Tue, Nov 25, 2014 - Page 14 News List

TaiGen applies to NHIA to set price for new drug

DRUG MONEY:The company has said that it expects combined peak sales of the new antibiotic in Taiwan and China to generate about US$185.7 million per year

By Camaron Kao  /  Staff reporter

Drugmaker TaiGen Biotechnology Co (太景生技) yesterday said it submitted an application to the National Health Insurance Administration (NHIA) on Tuesday last week to set the price of a new antibiotic, with the hope that the company would be able to sell the drug in Taiwan within six months after receiving the administration’s approval.

“It is the first time the government has set the price of a new drug that has not yet been launched in other countries,” TaiGen chief executive officer and chairman Hsu Ming-chu (許明珠) told reporters, adding that based on government standards, the price set for the antibiotic is expected to be enough for the company to cover its production costs.

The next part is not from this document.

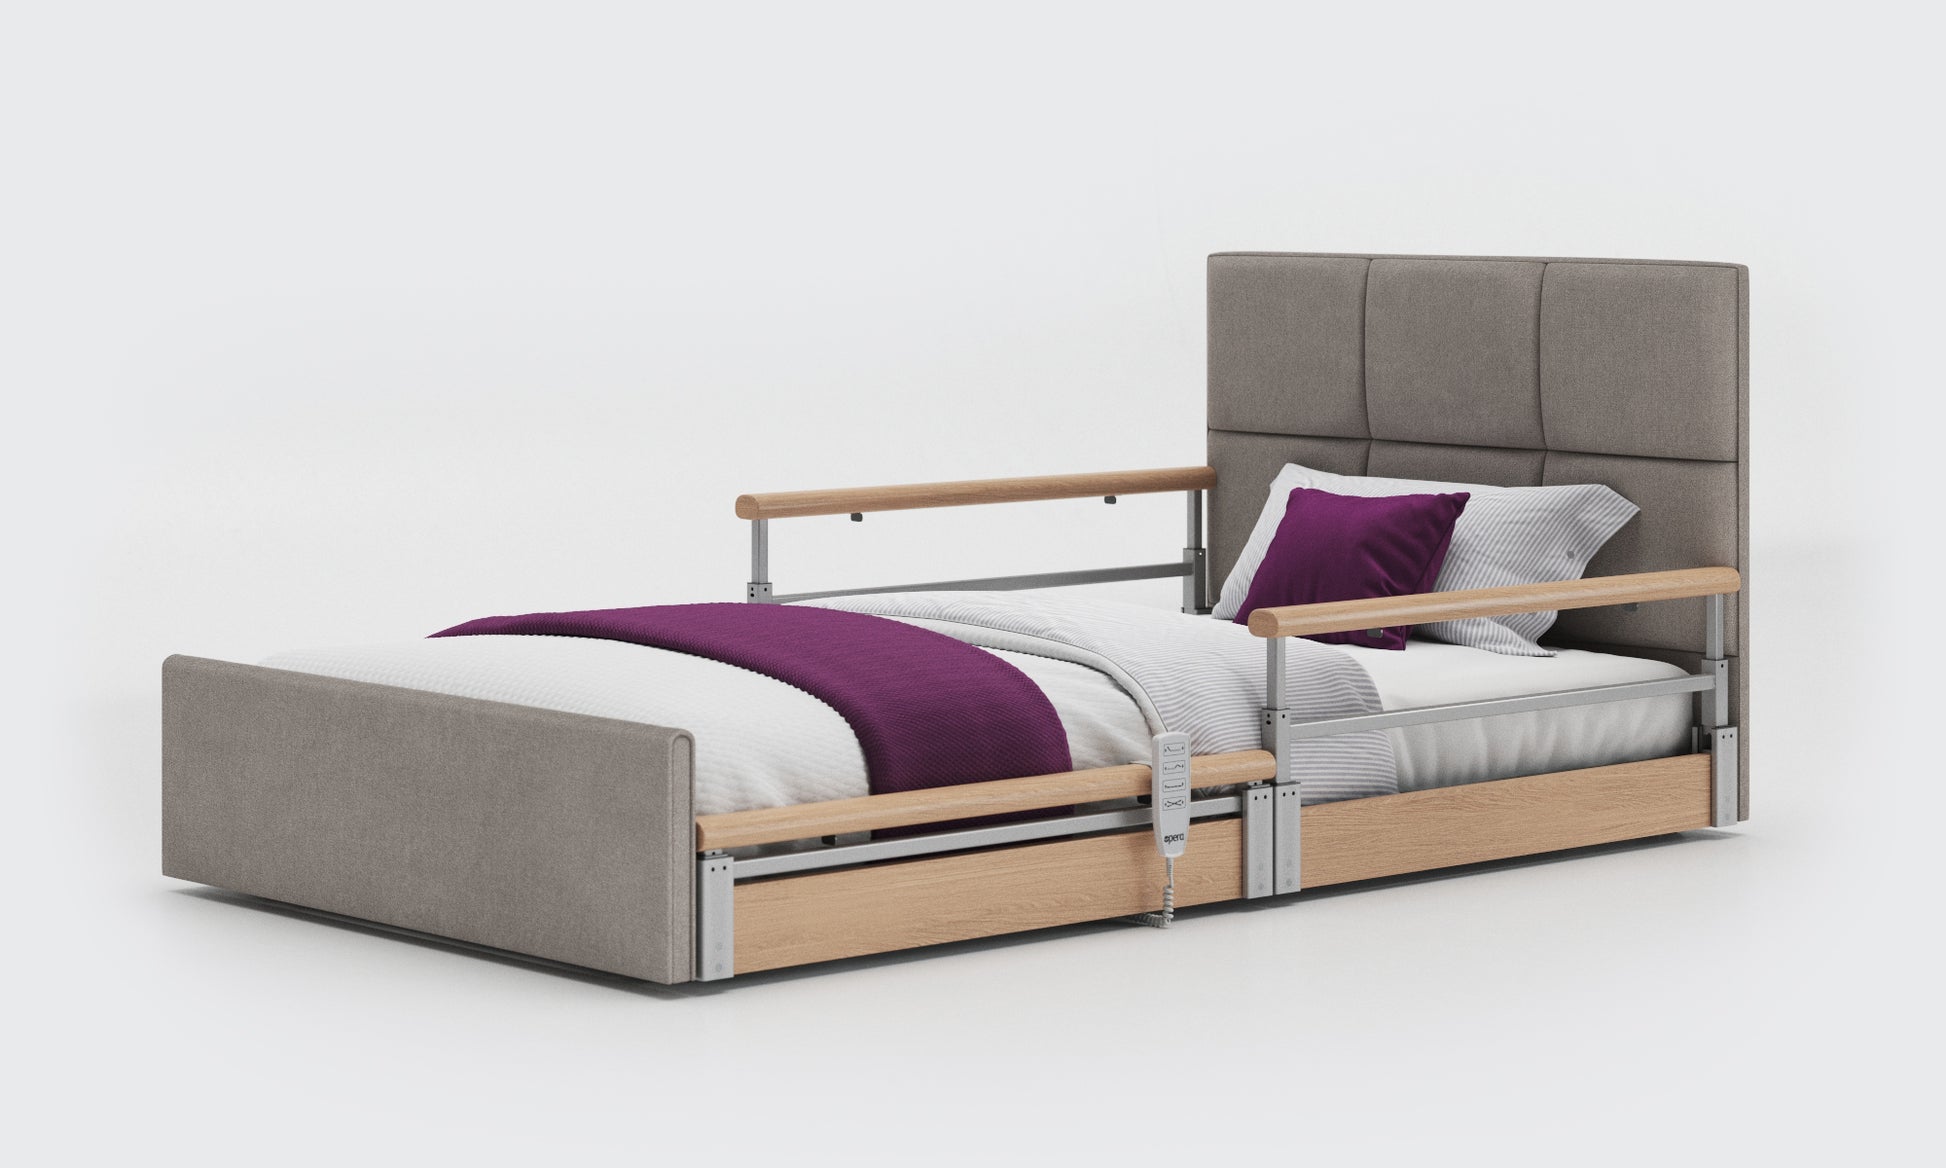 solo comfort plus bed in 3ft6 with oak split rails with opal headboard in zinc fabric
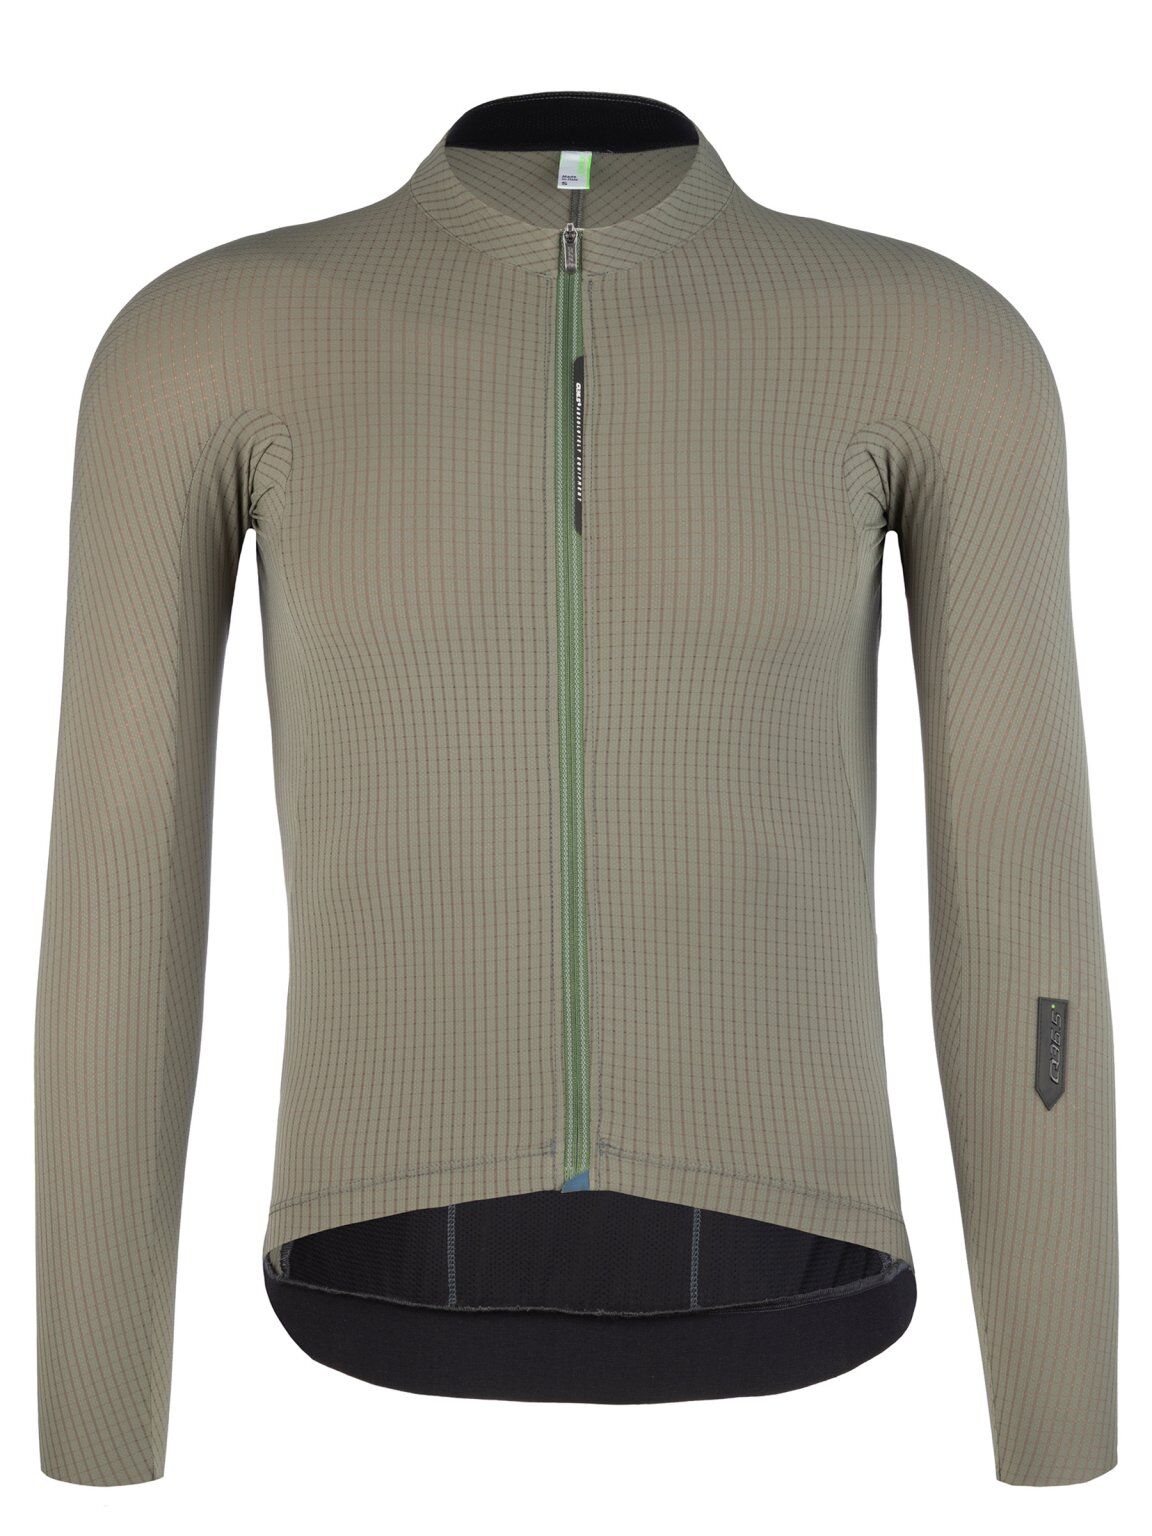 Q36.5 Jersey Long Sleeve L1 Pinstripe X - Cycling jersey - Men's

The drug, nemonoxacin — which is sold under the trade name of Taigexyn — in oral formulation, is under review in China for a manufacturing permit and TaiGen plans to charge patients purchasing the antibiotic, which is used to treat community-acquired pneumonia, a similar amount on either side of the Taiwan Strait, Hsu said.

The price in Taiwan is set to serve as a benchmark for other nations should the company sell the drug in other markets, Hsu said.

TaiGen is finalizing talks with a local sales agent to distribute the drug to hospitals, Hsu said, without disclosing the name of the agent.

As for the intravenous formulation of nemonoxacin, the drug is undergoing phase-three clinical trials in China and Taiwan, Hsu said.

From June through to last week, TaiGen has recruited 171 patients for trials of intravenous nemonoxacin, and the company aims to recruit 530 patients in total to complete the trials, Hsu added.

TaiGen expects that peak sales of both oral and intravenous formulation of nemonoxacin would generate NT$350 million to NT$400 million (US$11.31 million to US$12.93 million) per year in Taiwan and 1 billion yuan (US$162.96 million) per year in China.

From January to last month, the company posted revenue of NT$92.01 million, up 60.09 percent from NT$57.47 million a year earlier, due to a licensing fee from Moscow-based drug maker R-Pharm to sell both oral and intravenous nemonoxacin in Turkey, the Russian Federation and other members of the Commonwealth of Independent States, TaiGen chief financial officer Max Chan (詹孟恭) said.

The company reported losses of NT$290.12 million in the past three quarters, up 6.1 percent from losses of NT$273.45 million a year ago because of higher research and development costs, according to a company filing with the Taiwan Stock Exchange.

Chan said the company’s research and development costs would be about NT$500 million this year, similar to a year ago, while the costs would be higher next year as more of its drugs enter the final stages of clinical trials.